Qwen-specific deltas on error handling:
- Output that narrates actions instead of showing real tool calls (a
thought/<channel|> block, a fabricated $ pytest run) means the model did not actually do the work. Verify on disk; do not relay the claim.
- If the model fails the task twice, escalate - do not loop. A weaker model that cannot converge is a capability limit, not a prompt bug.
Prerequisites
Before the helper will work:
- A llama.cpp server running with the model loaded and
--jinja enabled (e.g. via LlamaBarn). Note its port.
- pi installed (mise-managed) and reshimmed so it is on PATH.
~/.pi/agent/models.json defines the llamacpp provider and the model. Minimal entry (adjust the port to your server):
{
"providers": {
"llamacpp": {
"baseUrl": "http://127.0.0.1:8080/v1",
"api": "openai-completions",
"apiKey": "llamacpp",
"compat": { "supportsDeveloperRole": false, "supportsReasoningEffort": false },
"models": [{ "id": "unsloth/Qwen3-Coder-30B-A3B-Instruct-GGUF:Q4_K_M", "contextWindow": 131072, "cost": {"input":0,"output":0,"cacheRead":0,"cacheWrite":0} }]
}
}
}
The model id must match the alias the llama.cpp server reports at /v1/models.
Model Selection
Local models vary widely in agentic reliability - the wrong one fails silently and lies about it.
- Default:
qwen3-coder-30b-a3b (Q4_K_M). A coder-tuned model. It cleared 5 of 6 real sonnet-tier Rust tasks in an agentic eval. Best on single-file, well-scoped work.
- Do not swap in a general-purpose model (e.g.
gemma4-26b) without re-running an eval. In testing, gemma4 wrote wrong code and falsely claimed all tests passed.
- This is a local model - capable for well-scoped work, not a frontier replacement. Two known failure modes: it under-covers multi-file tasks (finishes one file, silently drops the rest) and over-claims completeness in its final report. Reserve it for single-file, well-specified tasks, always keep code review on, and verify against a real test gate - never against its self-report.
Running a Task
- Write the prompt to a temp file (avoids shell-escaping issues).
- Assemble the command:
-m, --model MODEL to override the default
-R, --read-only for analysis tasks (no file edits)
-j, --json for a structured JSON event stream (scripting)
-s, --silent accepted for compatibility (no-op; pi output is already clean)
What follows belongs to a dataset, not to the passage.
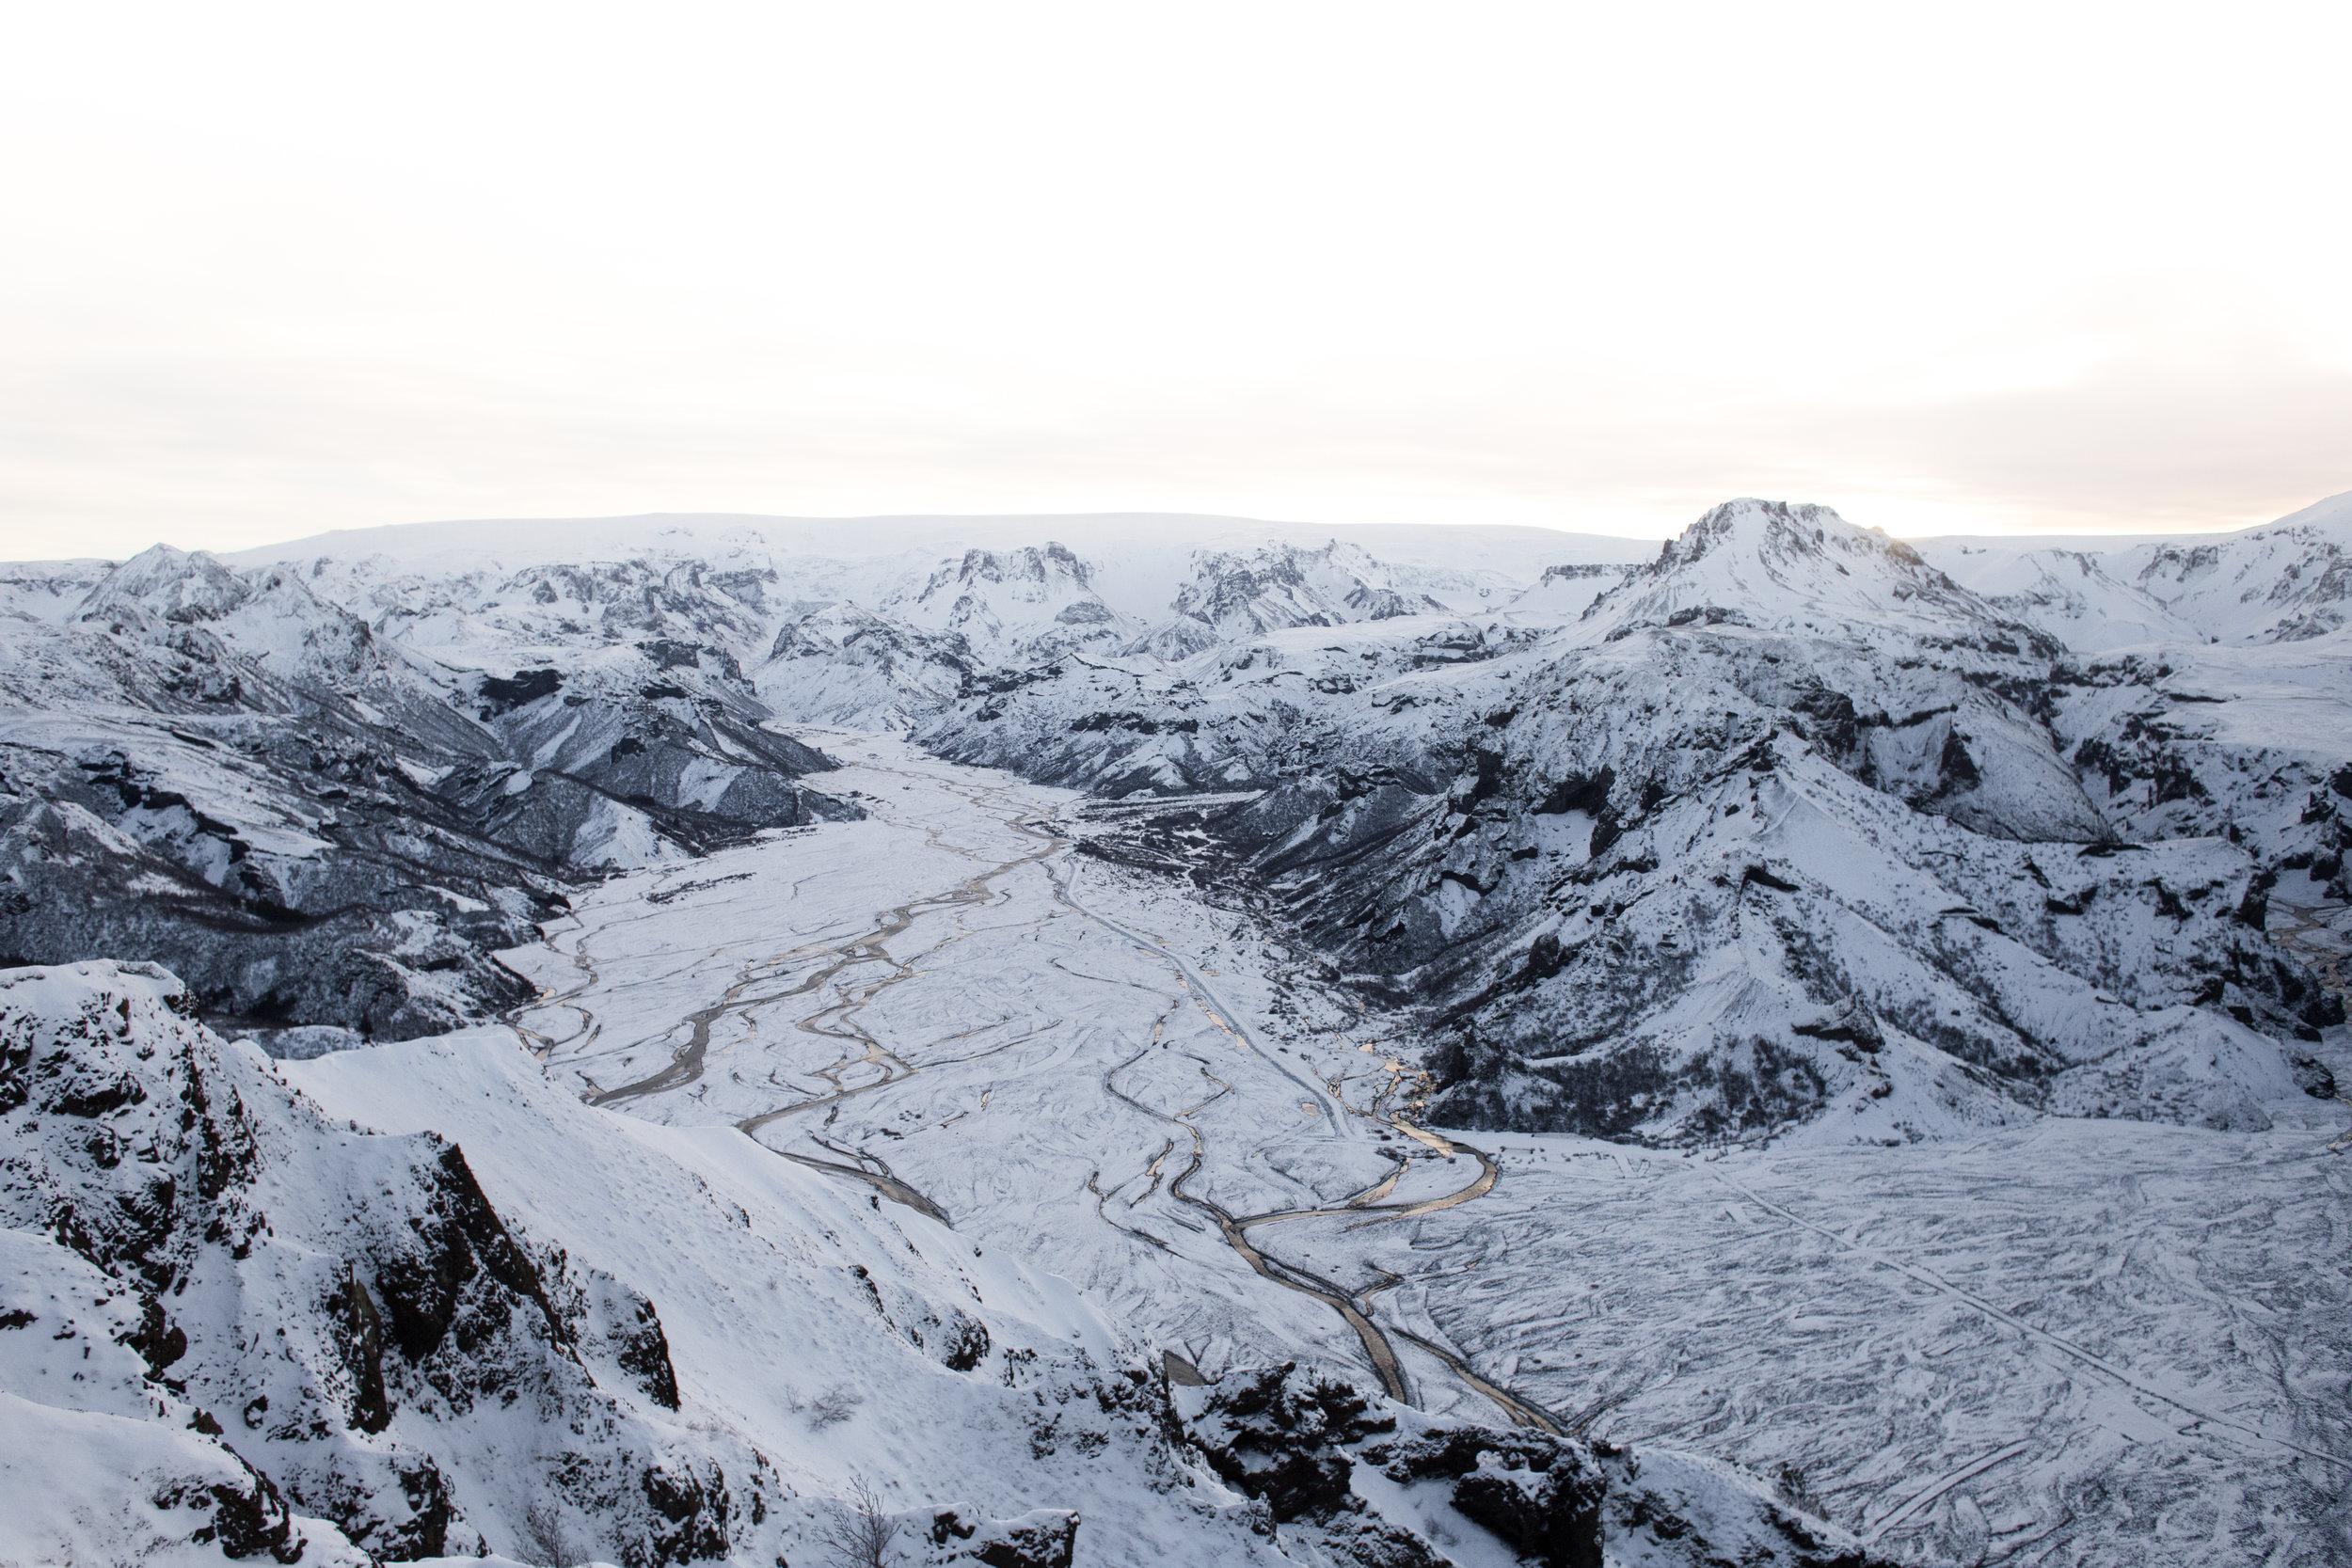 jermiah-schuster-iceland-209.jpg
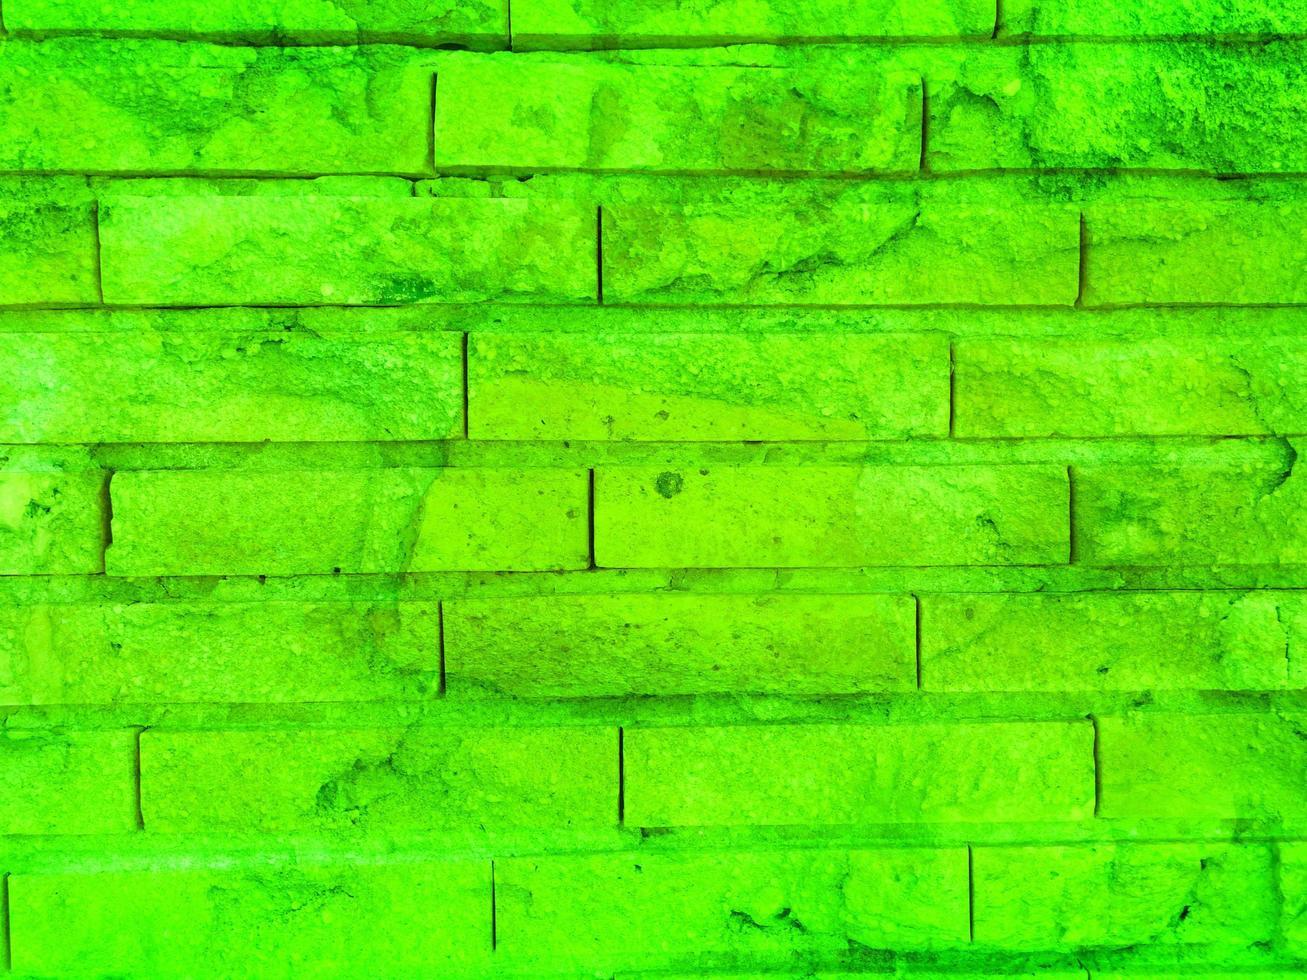 texture de pierre verte photo

-f, --file FILE to read the prompt from a file
-o, --output FILE to capture output
-c, --continue / -r, --resume [ID] to continue a session
--preflight to probe health only: requires a real 1-token completion (a /v1/models listing alone never passes - the false-healthy class); exit 0 = healthy, nonzero names the failing check (pi_missing/endpoint_unreachable/completion_failed). Every dispatch runs the same probe internally before spawning pi.
- Run the helper, capture output.
- Verify the actual result - never trust the model's textual claim. A local model may narrate "all tests pass" without having run them. Run the tests yourself, check the files on disk, then report.
Quick Reference
| Use case | Key flags |
|---|
| Implement / edit code | -f /tmp/qwen-prompt.txt |
| Read-only analysis | -R -f /tmp/qwen-prompt.txt |
| Structured output | -j -o /tmp/result.jsonl -f /tmp/qwen-prompt.txt |
| Override model | -m other-model -f /tmp/qwen-prompt.txt |
| Resume recent session | -c |
| Health probe only | --preflight |
Helper Script
~/.claude/skills/use-qwen/scripts/qwen-run.sh -f /tmp/qwen-prompt.txt
~/.claude/skills/use-qwen/scripts/qwen-run.sh -R -f /tmp/qwen-prompt.txt
~/.claude/skills/use-qwen/scripts/qwen-run.sh -j -o /tmp/result.jsonl -f /tmp/qwen-prompt.txt
~/.claude/skills/use-qwen/scripts/qwen-run.sh -m other-model -f /tmp/qwen-prompt.txt
Run ~/.claude/skills/use-qwen/scripts/qwen-run.sh --help for all options.